Recorded information:
== Segment start ==

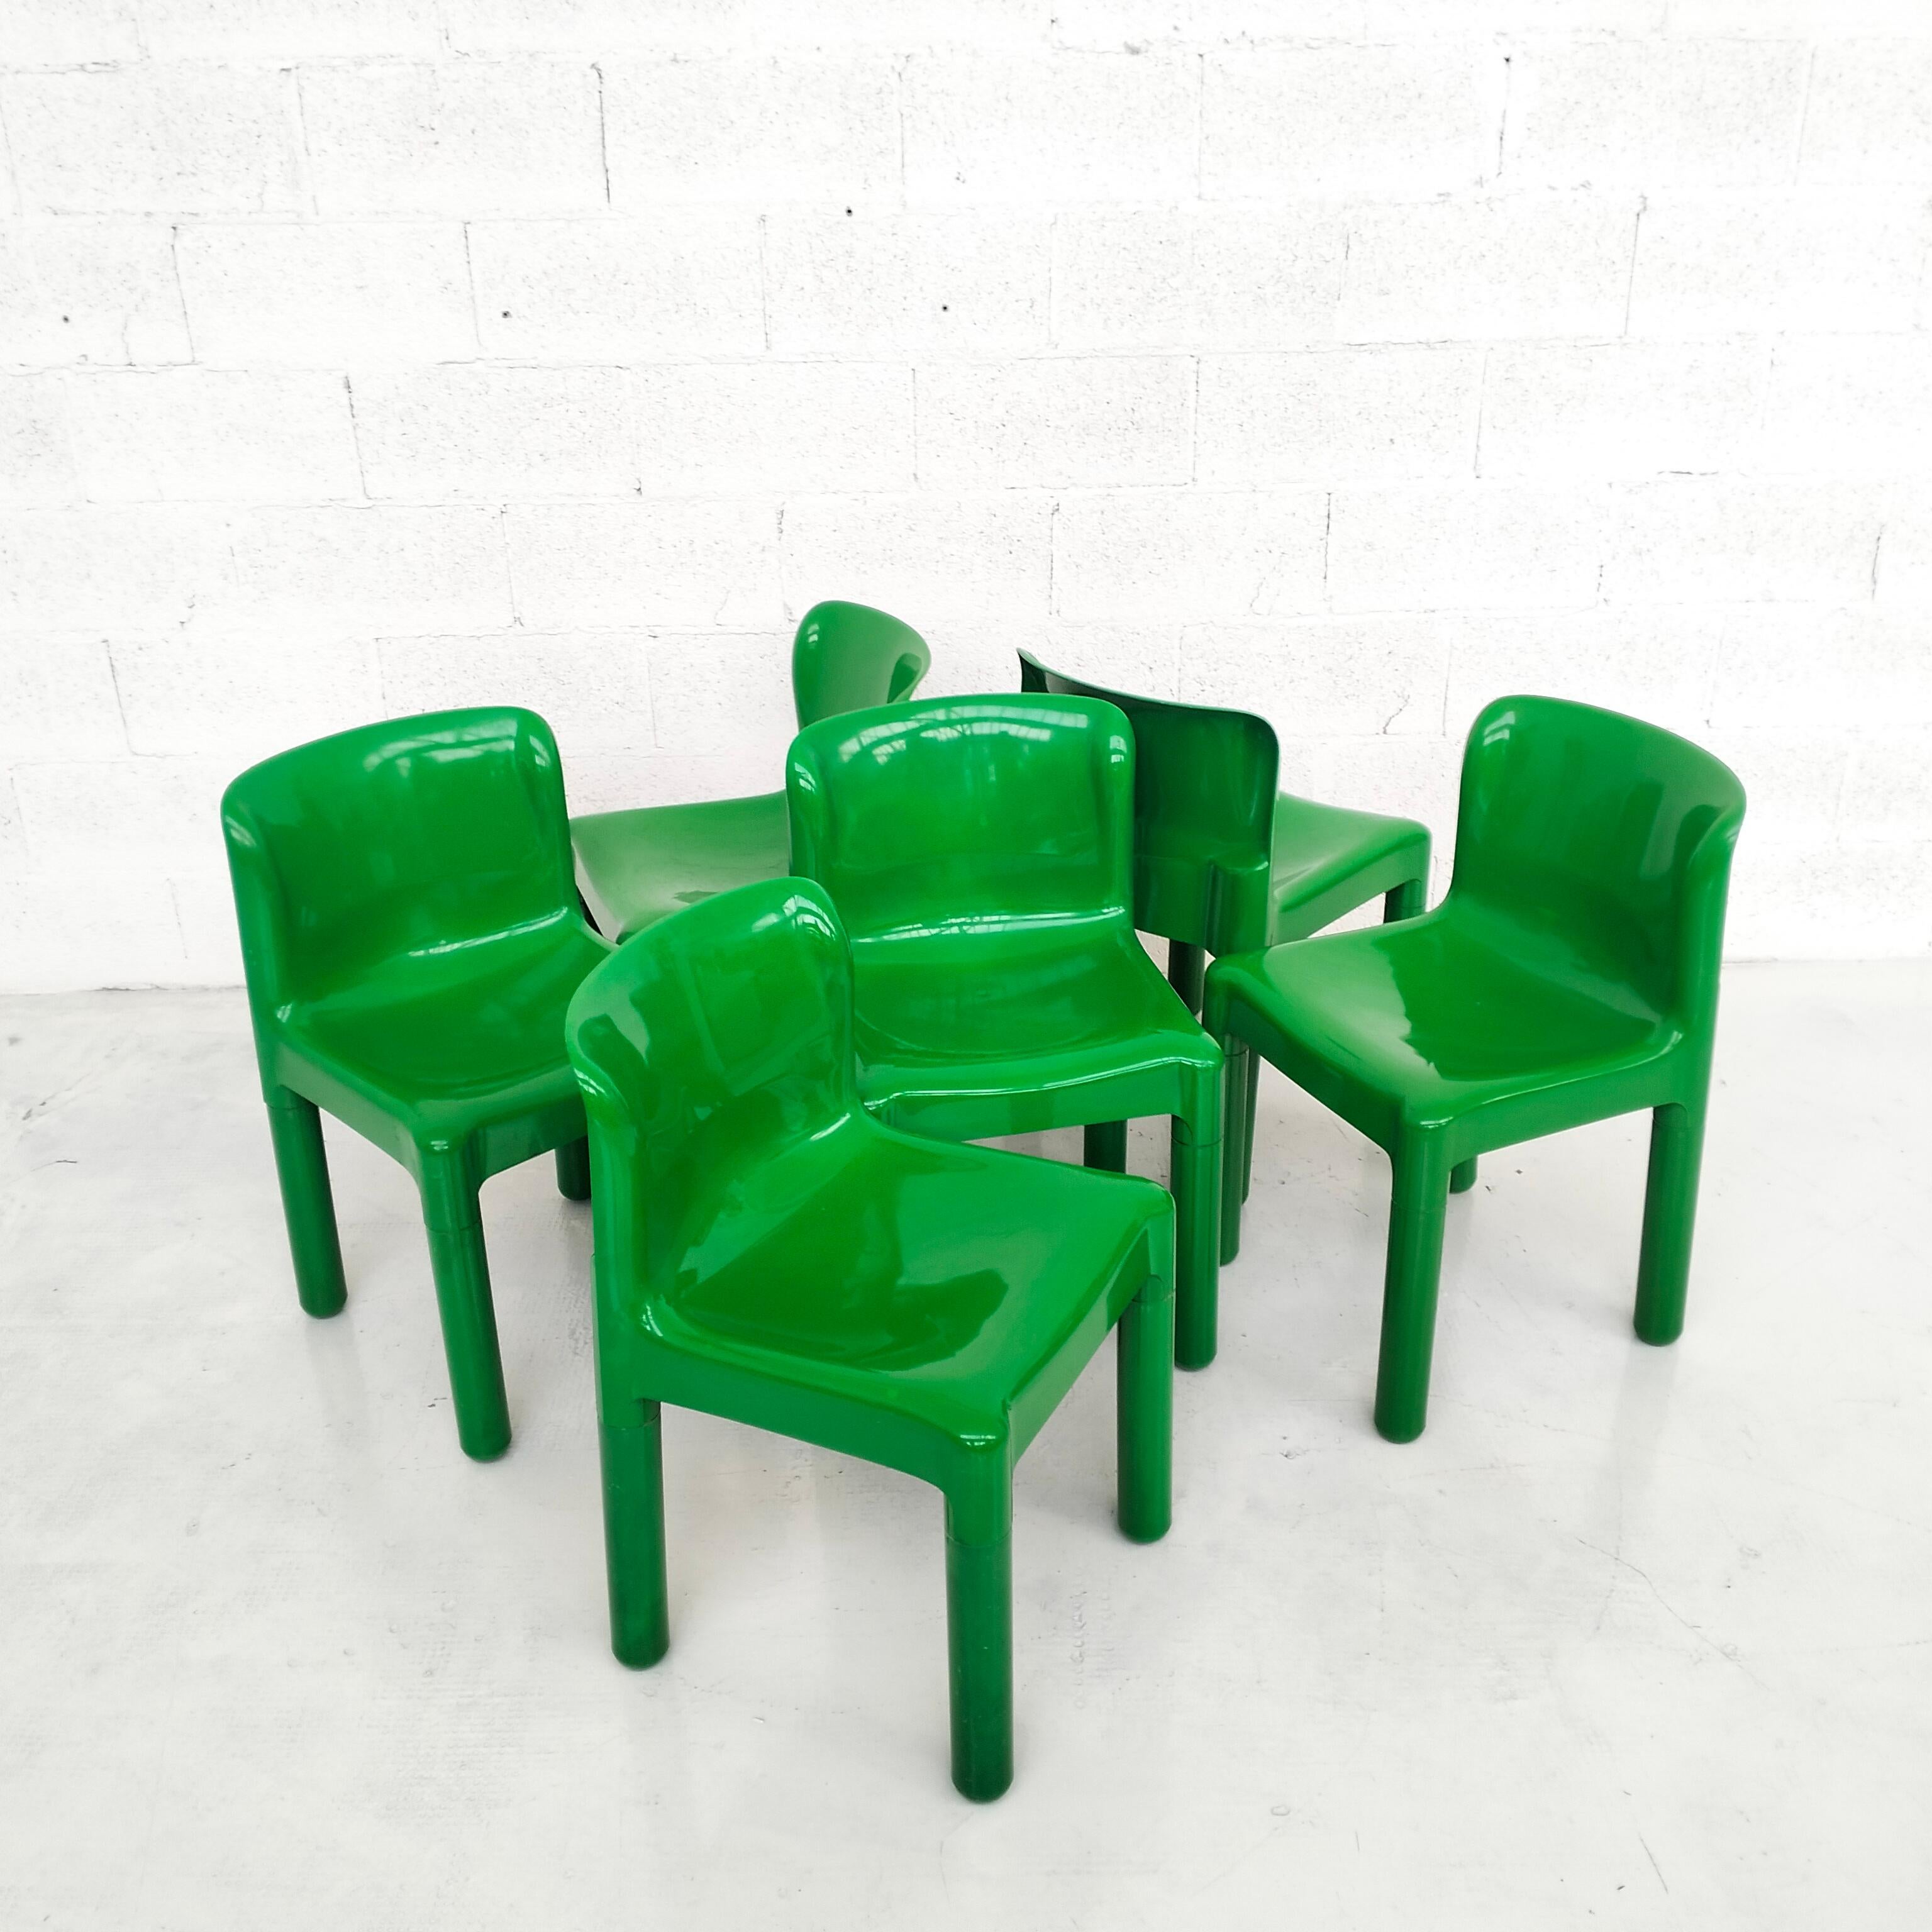 Superbe et rare ensemble de 6 chaises en plastique vert modèle 4875, dessinées par Carlo Bartoli et produites par Kartell dans les années 1970. 
En bon état, usure due à l'âge et à l'utilisation.
Dimensions : L 44 cm - P 42 - H 74/43 : L 44 cm - D

== Segment end ==

Exercise prompt: Drop the images, then copy the data exactly.

Your response:
 Superbe et rare ensemble de 6 chaises en plastique vert modèle 4875, dessinées par Carlo Bartoli et produites par Kartell dans les années 1970. 
En bon état, usure due à l'âge et à l'utilisation.
Dimensions : L 44 cm - P 42 - H 74/43 : L 44 cm - D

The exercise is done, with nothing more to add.